El gigante ruso ya venía de sufrir en sus propias carnes un esquema de alta intensidad en Denver, y tuvo la suerte de que al llegar aquí se encontró algo para lo que está mucho más preparado.
La defensa de los Cavaliers de los bloqueos directos ha mejorado considerablemente, también porque Love no es un defensor tan terrible como su reputación indica. Es indiscutible que necesita jugar con un pívot que le ayude, y que necesita un sistema poco especulativo. Él no puede sostener una defensa ni ser un factor en toda la pista, pero defendiendo con otro al lado es inteligente para canalizar a los rivales a la zona adecuada, y aguantar con fuerza las continuaciones de los interiores. Ahora mismo no es una debilidad que los ataques rivales puedan explotar, salvo quizá, aquellos equipos con un exterior de élite con muy buen tiro.
La asignatura pendiente de los Cavs es prestar atención constante a lo que ocurre sin balón. Todos sus jugadores exteriores se toman jugadas de descanso en defensa, cuando no tienen una predisposición más bien dudosa hacia ella. Si te tomas tu tiempo pasando alrededor de la defensa de Cleveland, puedes sacar rédito.
Otra diferencia con Miami, y consecuencia directa del cambio de tono, es que los Cavaliers no fuerzan muchas pérdidas. No son un grupo intenso en defensa, y el cuerpo técnico les prefiere no arriesgando. Con Shumpert y Dellavedova en pista sí que tienen que andar con más cuidado los conductores de balón rivales.
Los Celtics en ataque
Boston es uno de los equipos que se ha sumado últimamente al carro del baloncesto fluido, dando libertad y espacio a sus jugadores en un sistema que más que jugadas concretas, pide de ellos que lean la defensa y la posición de sus compañeros, y reaccionen. Hay que decidir y moverse rápidos, ser solidario, y tener todo el tiro posible, para que el espacio haga las cosas más fáciles.

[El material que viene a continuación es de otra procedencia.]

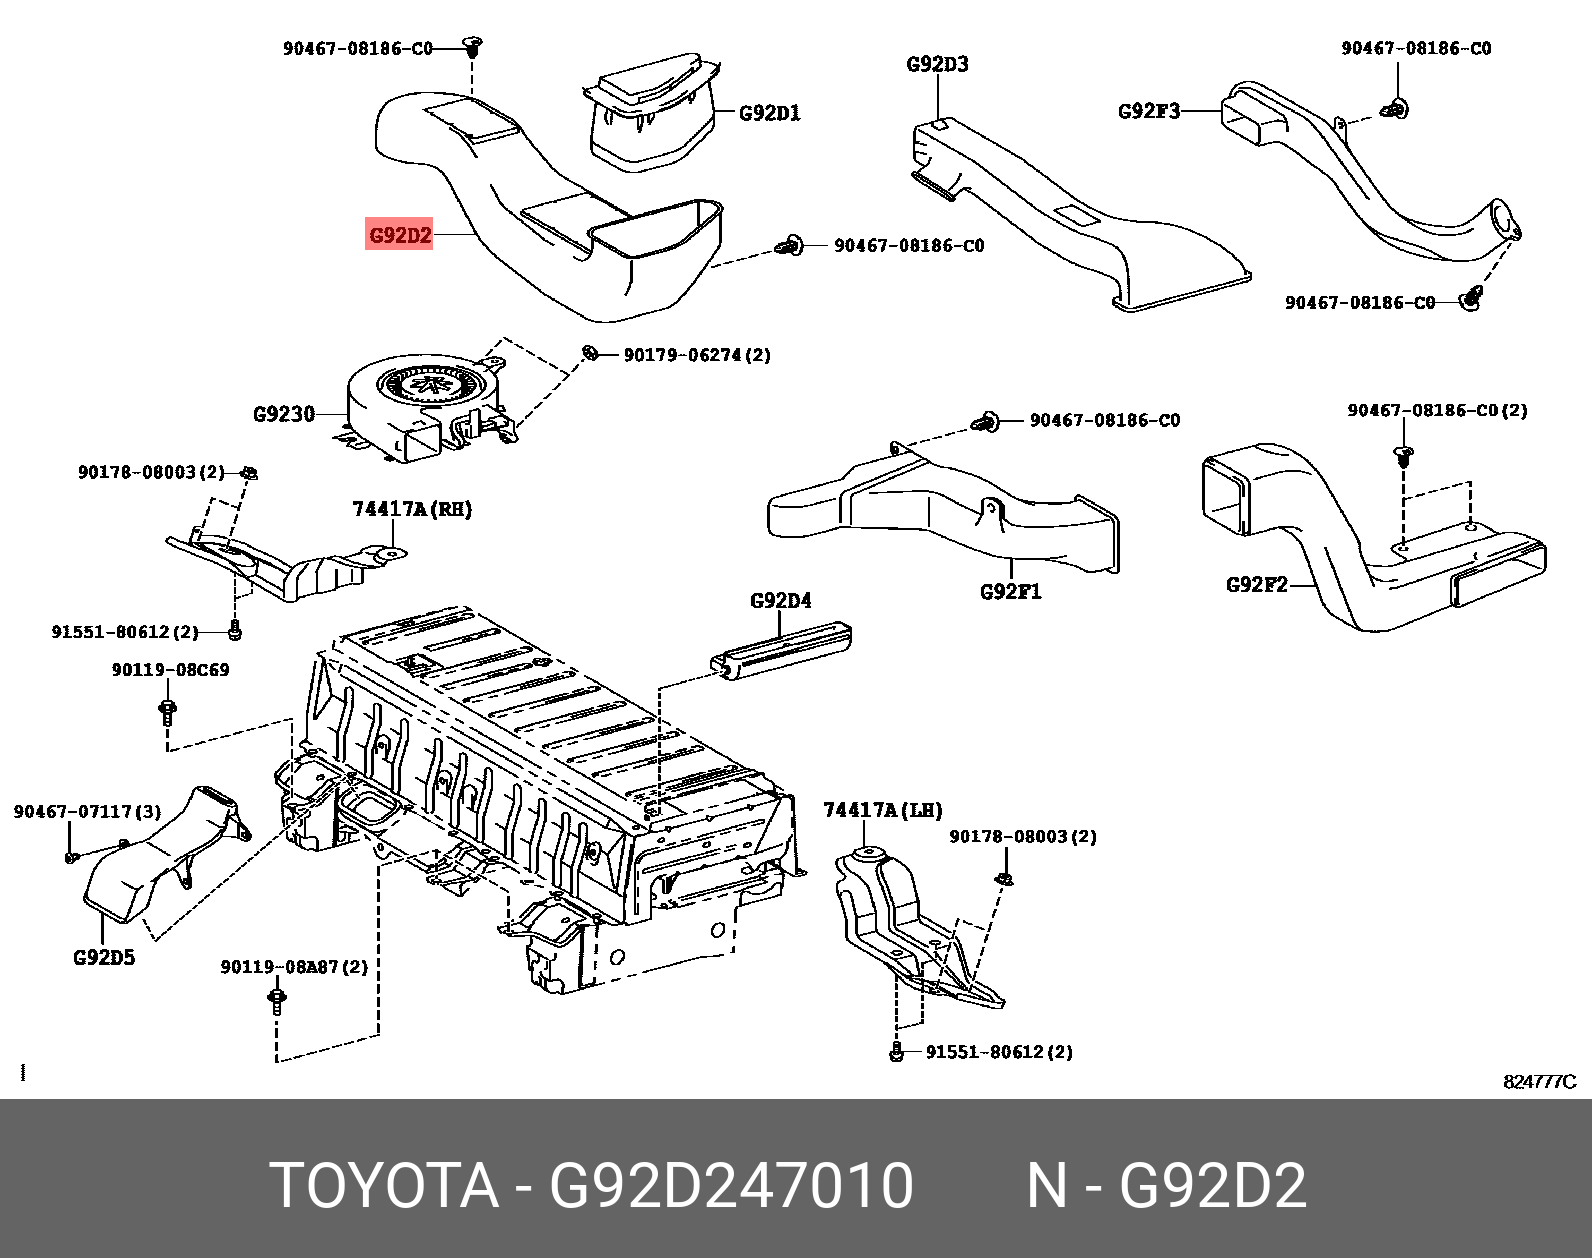 PRIUS (PLUG-IN HBD) 201201 - 201604, DUCT, HYBRID BATTERY INTAKE, NO.2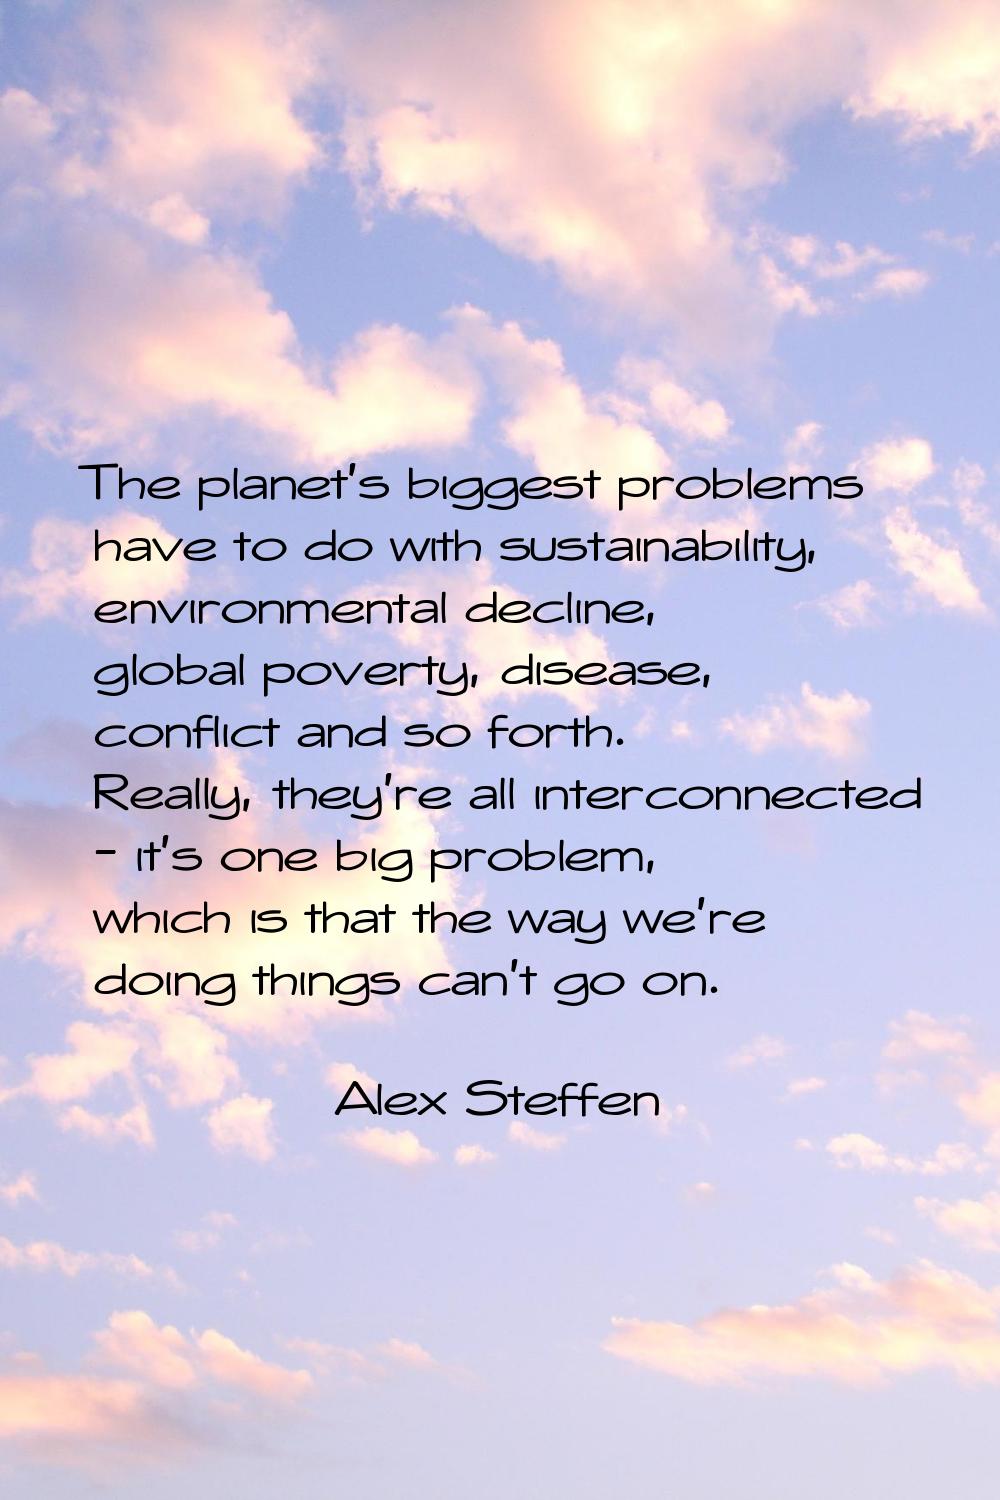 The planet's biggest problems have to do with sustainability, environmental decline, global poverty

Una posesión normal de los Celtics puede encadenar bloqueos (directos e indirectos), pases a la mano e inversiones del lado del juego, hasta que se encuentran con un tiro o una oportunidad de atacar la zona. Habitualmente lo primero, porque Isaiah Thomas aparte, los exteriores del quinteto inicial son muy poco incisivos. En cuanto se abre la oportunidad de tirar de media o larga distancia, la toman, tanto tras pase, como tras bote: no tienen la paciencia de los grandes equipos de la Liga que predican el movimiento, pero también encuentran menos oportunidades.
Por ello quizá tenían problemas para cerrar partidos y mantener ventajas a principios de año, por la falta de un jugador que se metiera al corazón de la defensa y obligara al rival a que lo manden a la línea. Los mejores argumentos de este equipo para sacar faltas hasta la llegada de Thomas no podían ser menos ortodoxos: dependían de los tumbos de Bass y el manejo de balón al borde de la pérdida de Turner.
Los hombres altos juegan muy arriba, para lanzar con sus pases y pantallas a los exteriores hacia una zona lo más libre posible. Zeller y Bass no son especialmente buenos pasadores ni conductores, por lo que, a diferencia de otros interiores que reciben en el mismo codo de la zona, no manejan opciones como el pase preciso a un cortador, o atacar de frente con el bote a su defensor. Ellos están en constante movimiento, pendientes de qué bloqueo van a poner casi antes de entregar el balón, y de leer la defensa para saber si les conviene más continuar al aro (la especialidad de Zeller), o abrirse al tiro (la de Bass).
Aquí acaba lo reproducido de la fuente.